Tuesday, February 01, 2005

Tea For Ms. Ruby

Down Cashua Drive, where it meets Second Loop Road, sits a house. This corner intrigued me as a child. In the yard there were goats, chickens, and a cawing rooster. The house sat a little back from the main road barely visible, surrounded by trees and an unruly yard. I used to think the house was haunted with its dark windows and shadows. Sometimes I would see a car in the covered driveway and sometimes a woman. Actually, I remember seeing a woman only once. Someone once told me, I don't remember who, that Ms. Ruby lived there in that quiet, sad looking house. I didn't know who Ms. Ruby was. I was told she was the richest woman in Florence on account that she was once a brothel owner. Not just any brothel owner but that she had had rich powerful men as customers and had dirt on all of them. Ms. Ruby was wealthy not only for her once flourishing business, but for her bought silence. Now, I didn't know nor did I care about all that, but I couldn't figure out why the richest woman in Florence would let animals and weeds run wild in her yard. When mama would drive by her house I would wondered if she was lonely and try to imagine what it looked like inside. That maybe inside it was beautiful, with lace curtains, shiny table tops and crystal chandeliers. Maybe the outside of her home was a middle finger to the city of Florence. She intrigued me.

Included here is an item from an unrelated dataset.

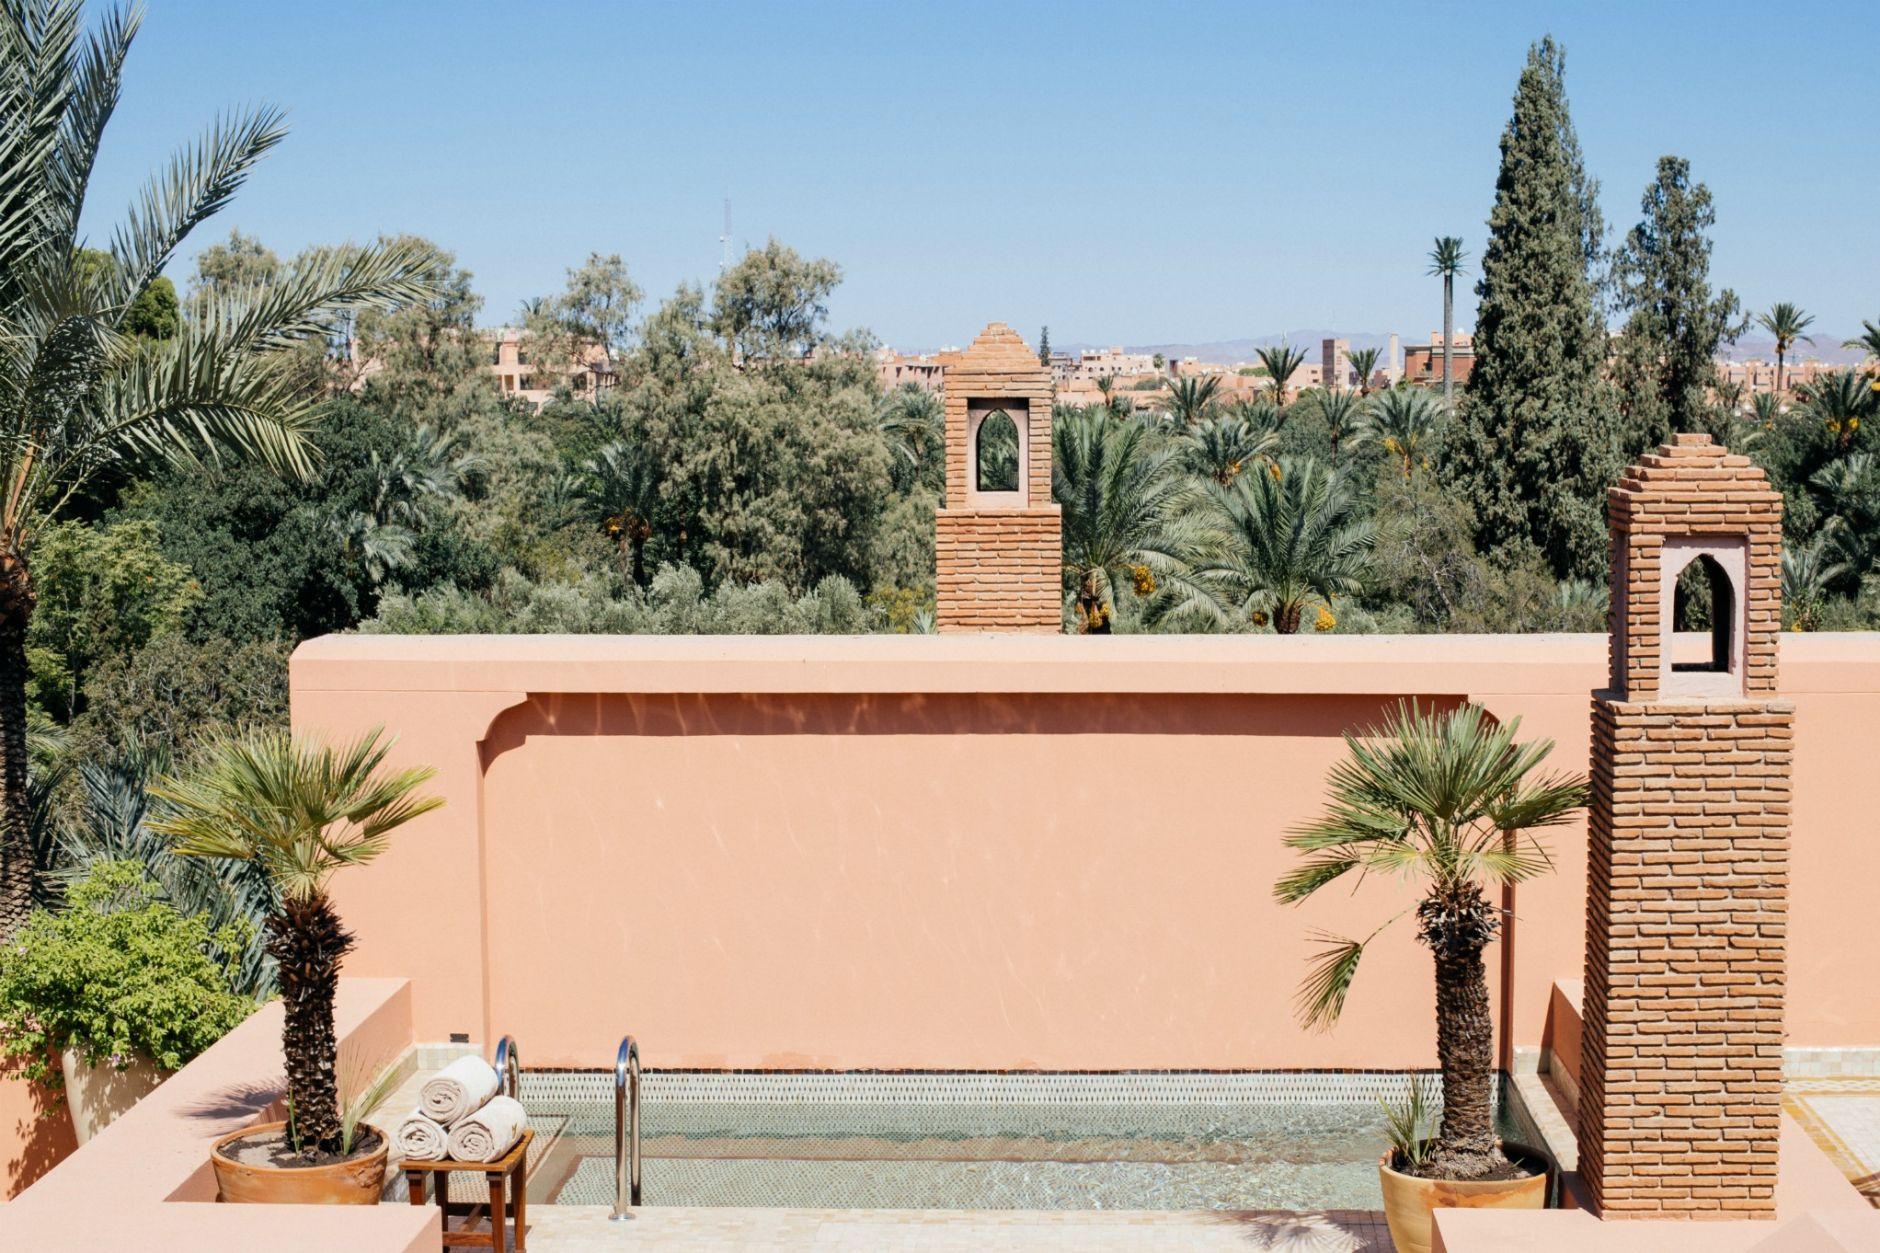 royal-mansour-hotel-luxury-marrakesch-marrakesh-morocco-edisa-shahini-disicouture-blog-04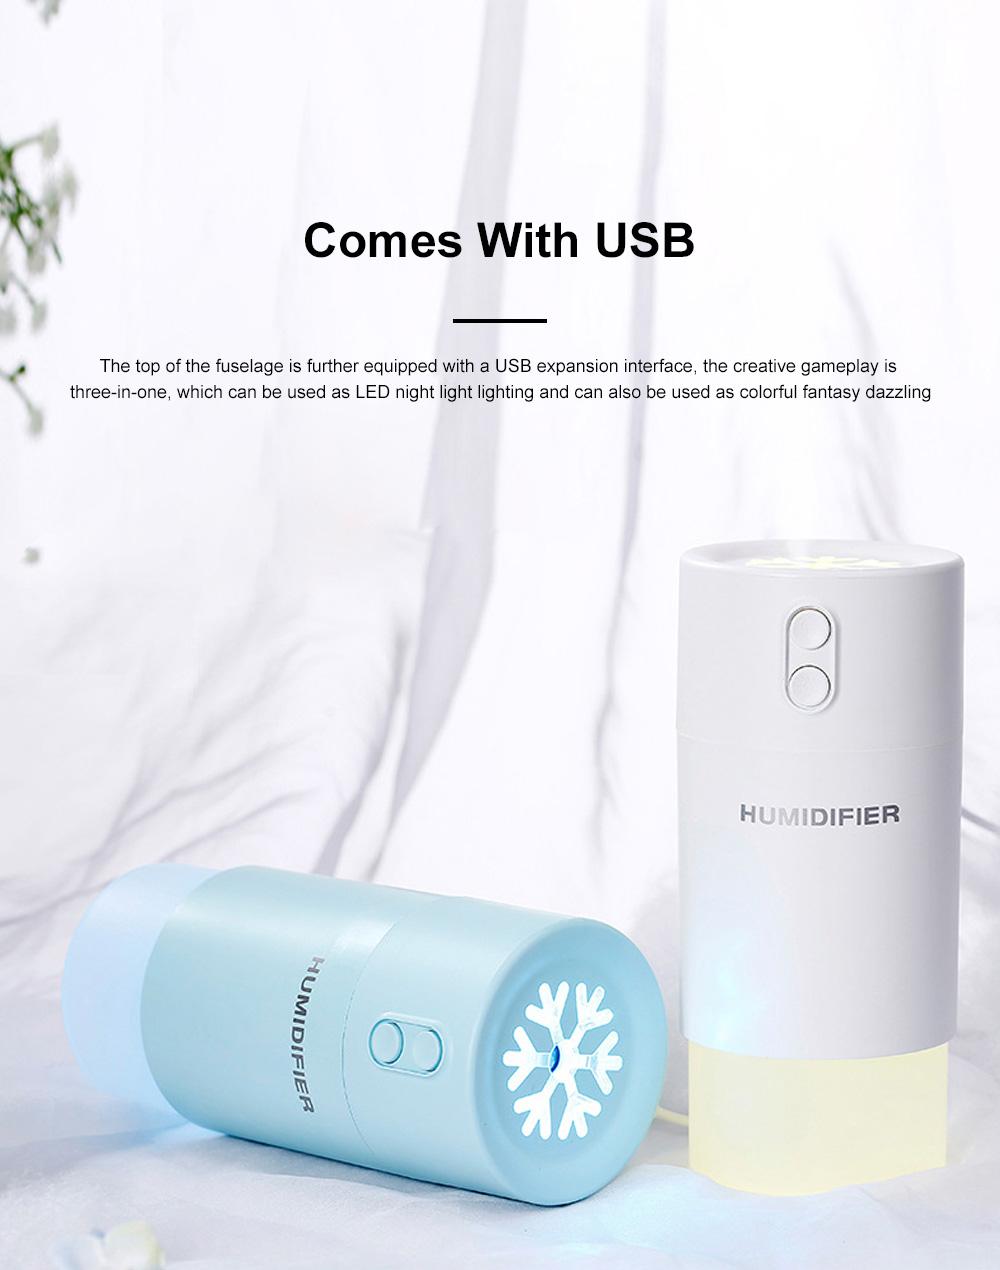 Mini Air Humidifier For Home Office Car LED Night Light Portable Snowflake Purifier Freshener Travel Mist USB Fan Humidifier 6

She intrigues me. Driving down Second Loop road one day I noticed Ms. Ruby's house on the corner where it intersects with Cashua. I have been gone for almost 16 years. Things have changed and stayed the same in this small town. Now her intersection is very busy. And it is HER intersection. A Walgreens is across from Ms. Ruby's place with a Gas station/SUBAY combo caddy corner. I would not have noticed her house if it hadn't been for the huge goose standing on the corner watching the traffic go by. I imagined the other drivers were thinking the same as me, "Please don't let that bird walk out into the street" but maybe they weren't laughing as I was. There are fewer trees now. I can see a mismatched painted house, pink on the Second Loop side. It seems that the animal population has persisted and it got me to thinking about Ms. Ruby again. She stayed in my mind at work. I gathered from my co-workers that she owns the properties where the Walgreens and the
Gas station/SUBWAY sit. The city won't do anything about the animals or disheveled property because of all the secrets she knows.

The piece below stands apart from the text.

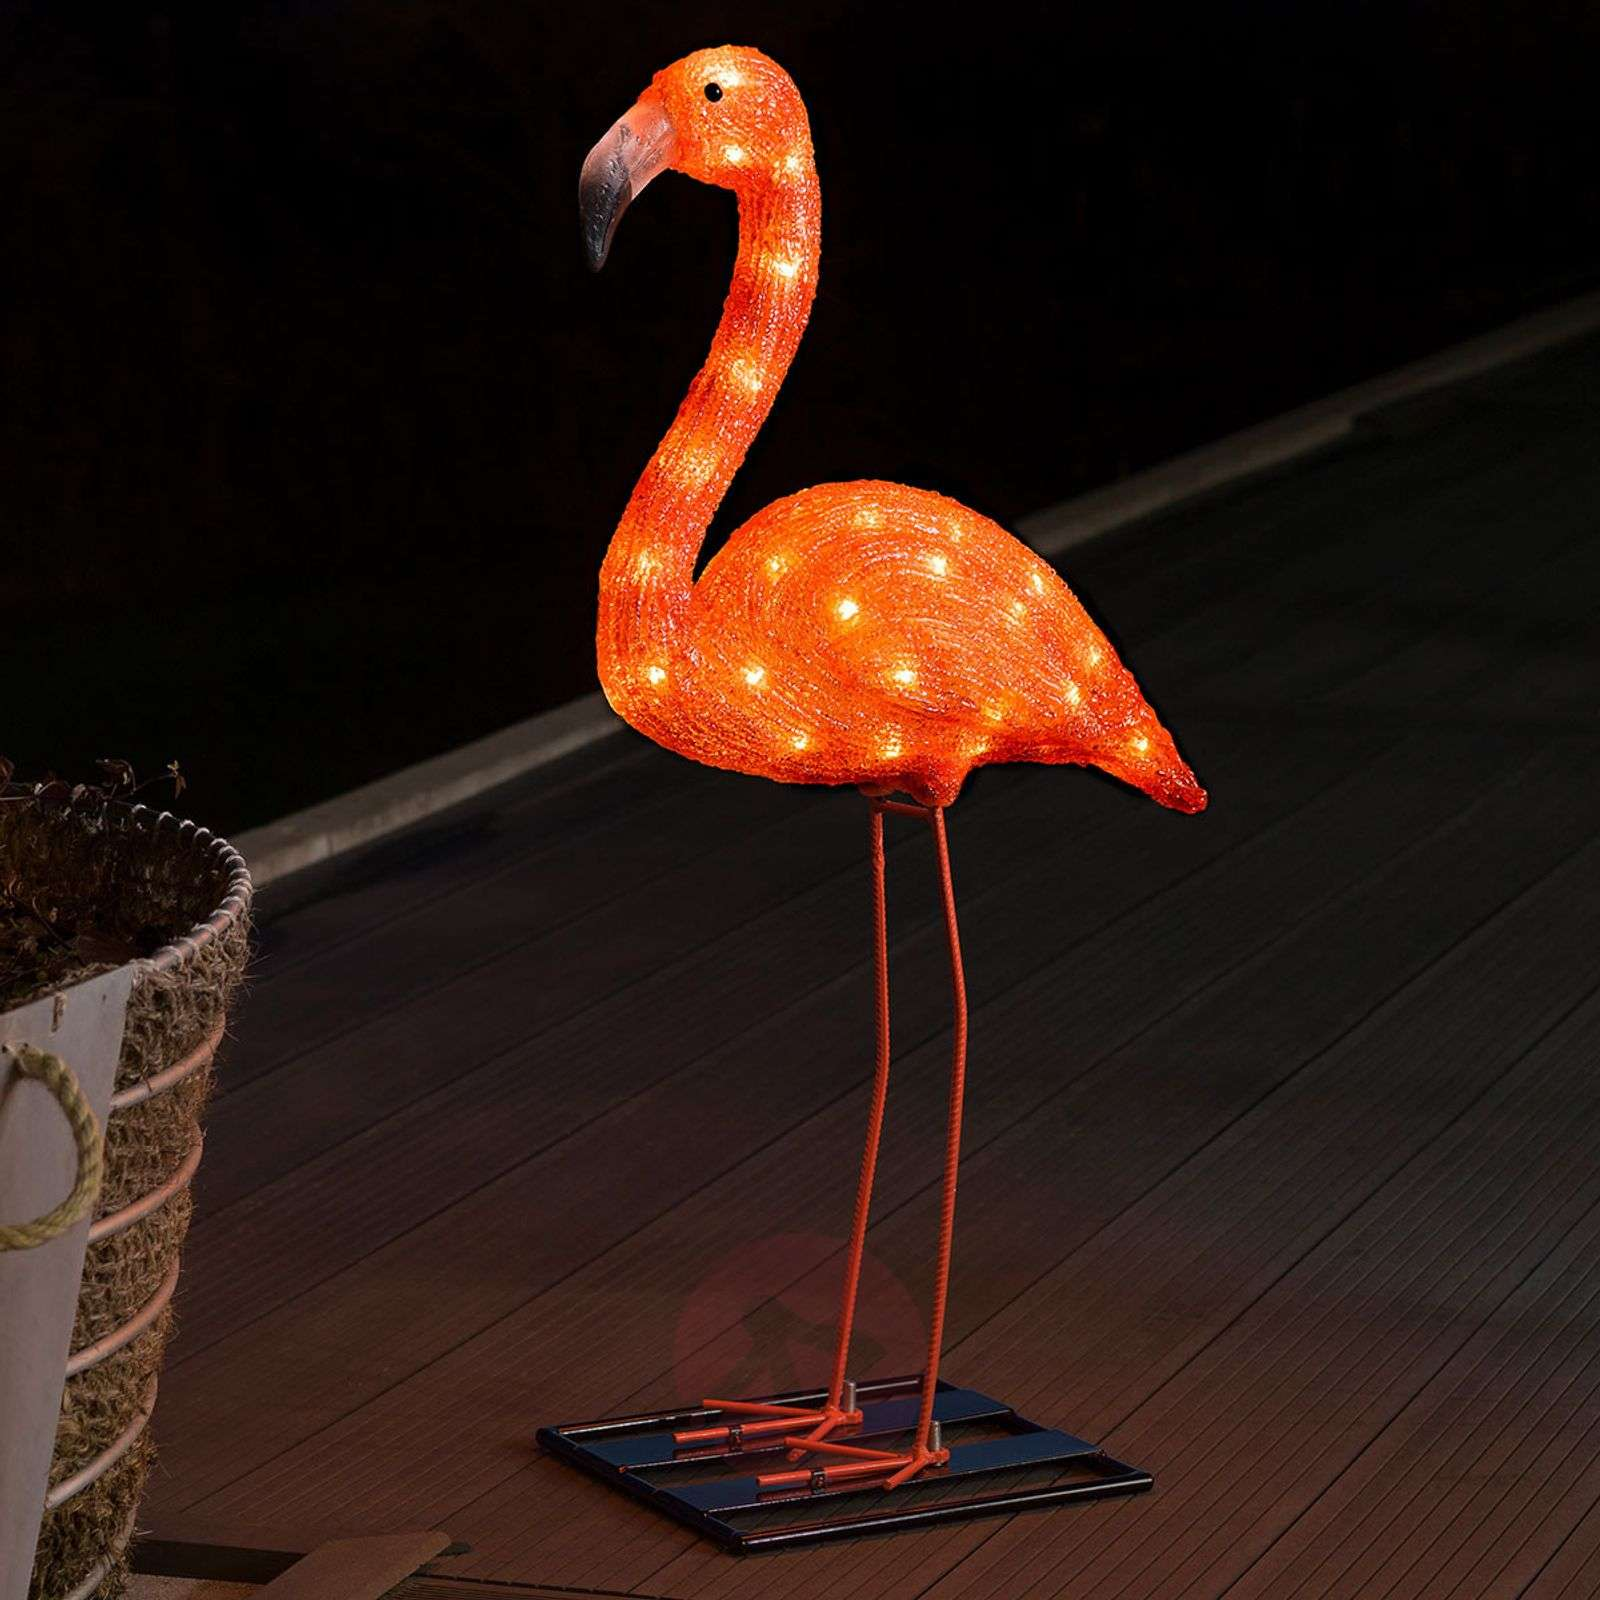 LED-koristevalaisin Flamingo 65cm-5524874-01

Yes, Ms. Ruby's middle finger to the small world called Florence. She intrigues me because she is a Southern woman who broke all stereotypes. She hasn't succumbed to the status quo. She has lived in a shroud of mystery for decades and people slow down for her animals.

My mama has run into her a few times at the gas station. She says Ms. Ruby is a kind woman with a beautiful smile, silver white hair that she keeps pulled back and beautiful clear eyes. The kind of eyes that are aware of many things and are at peace. She has a soft, gentle Southern accented voice. Mama could see that the now elderly woman was once quite gorgeous in her day. I wanted to know more. I was so curious about this woman who has intrigued me most of my life. To my inquires mama suggested going to visit her. Well, maybe I'll do that. And bring some tea.